The QNX Neutrino RTOS implements this feature by giving each process two separate sets of process manager abilities:
  • root set — checked whenever a process attempts an operation and its effective UID is 0. By default, this set contains all abilities.
  • non-root set — checked whenever a process attempts an operation and its effective UID is non-zero. By default, it contains a non-privileged subset of abilities.

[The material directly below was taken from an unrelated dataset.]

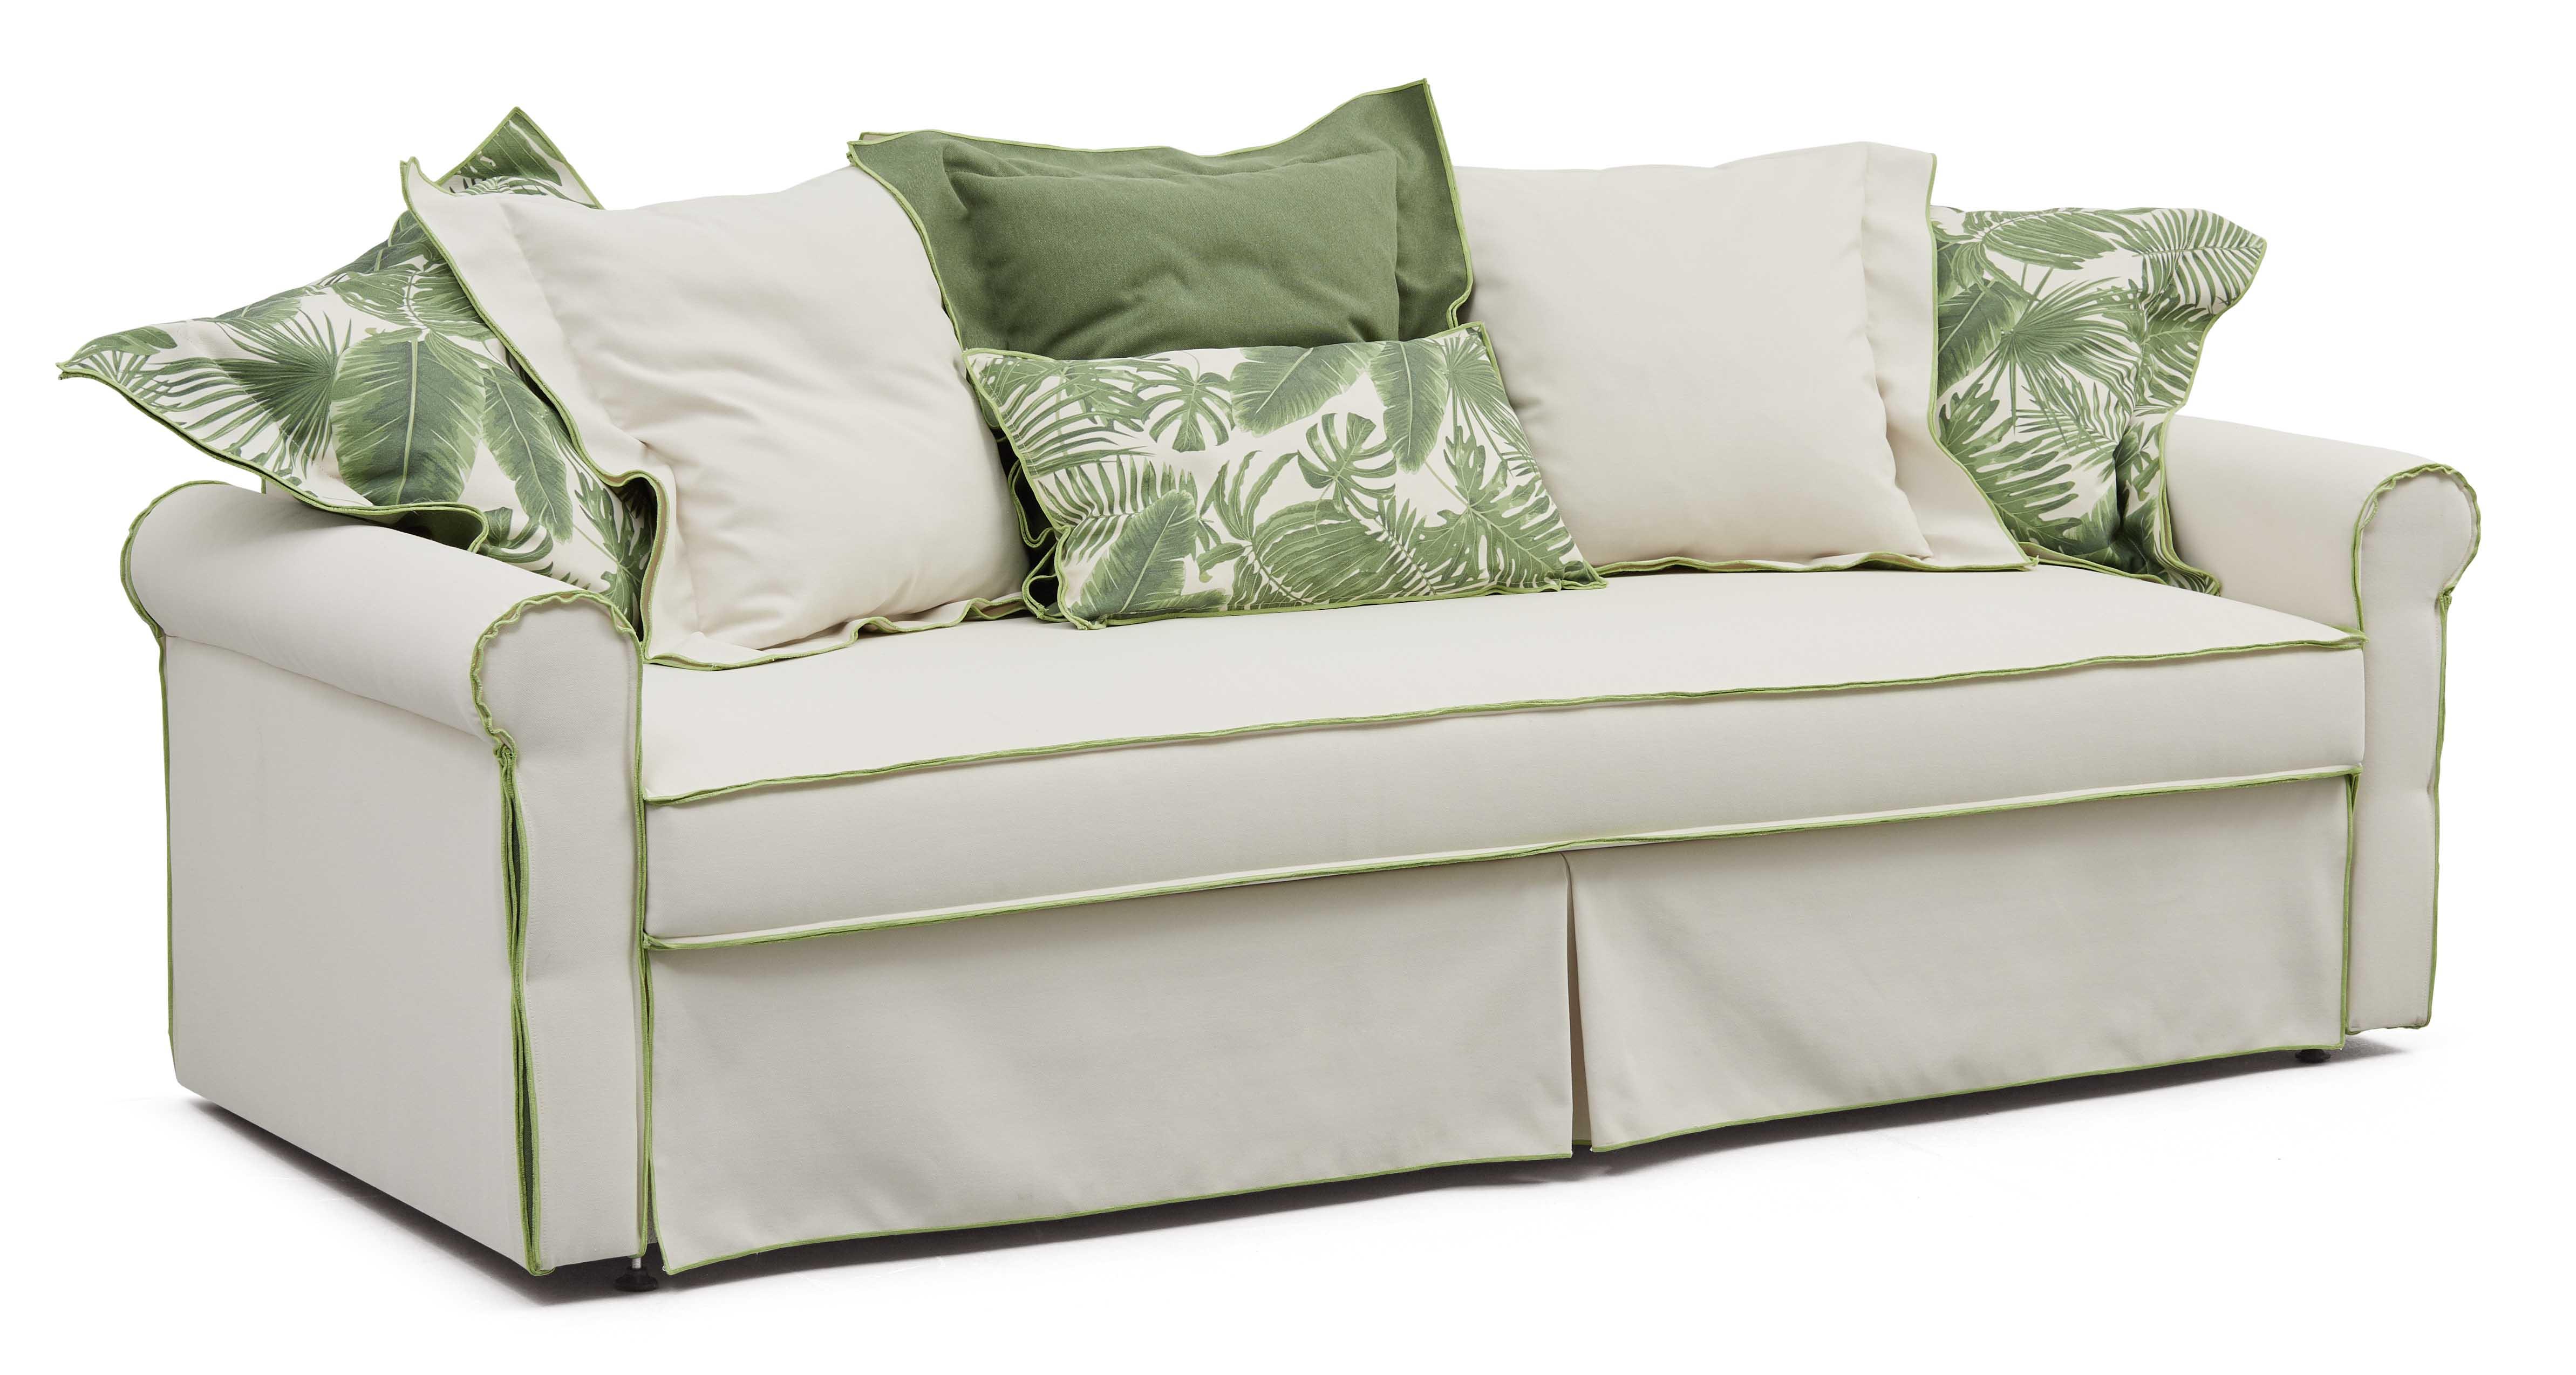 spring sofa bed kanapes krevati 2

Both sets of abilities can be configured to allow a non-root process to become more privileged than normal and a root process to become less privileged.

Custom abilities

Because a process's abilities may also be tested by a server process that receives a message from it, abilities can control things outside the domain of the kernel and process manager. To make this capability more useful, the set of 70 or so static abilities may be augmented by additional custom abilities, allowing processes to use abilities to control access to whatever they see fit.

Configuring abilities

Use of abilities allows the privileges assigned to a process to be tailored to its needs rather than being all or nothing. QNX recommends that you configure abilities using security policies. For a full discussion of the advantages of this feature, go to the Security Policies chapter.

The pre-security-policies way to configure abilities is to start up a process as root with the full set of abilities. After completing initialization, the process reconfigures its non-root set of abilities, granting privileged abilities it will require and dropping others. It then calls setuid() to switch permanently to non-root and continues with just what it needs for its operation. For more information, go to the procmgr_ability() entry in the C Library Reference.

The pidin utility allows you to display abilities information about a process. See the pidin entry in the Utilities Reference.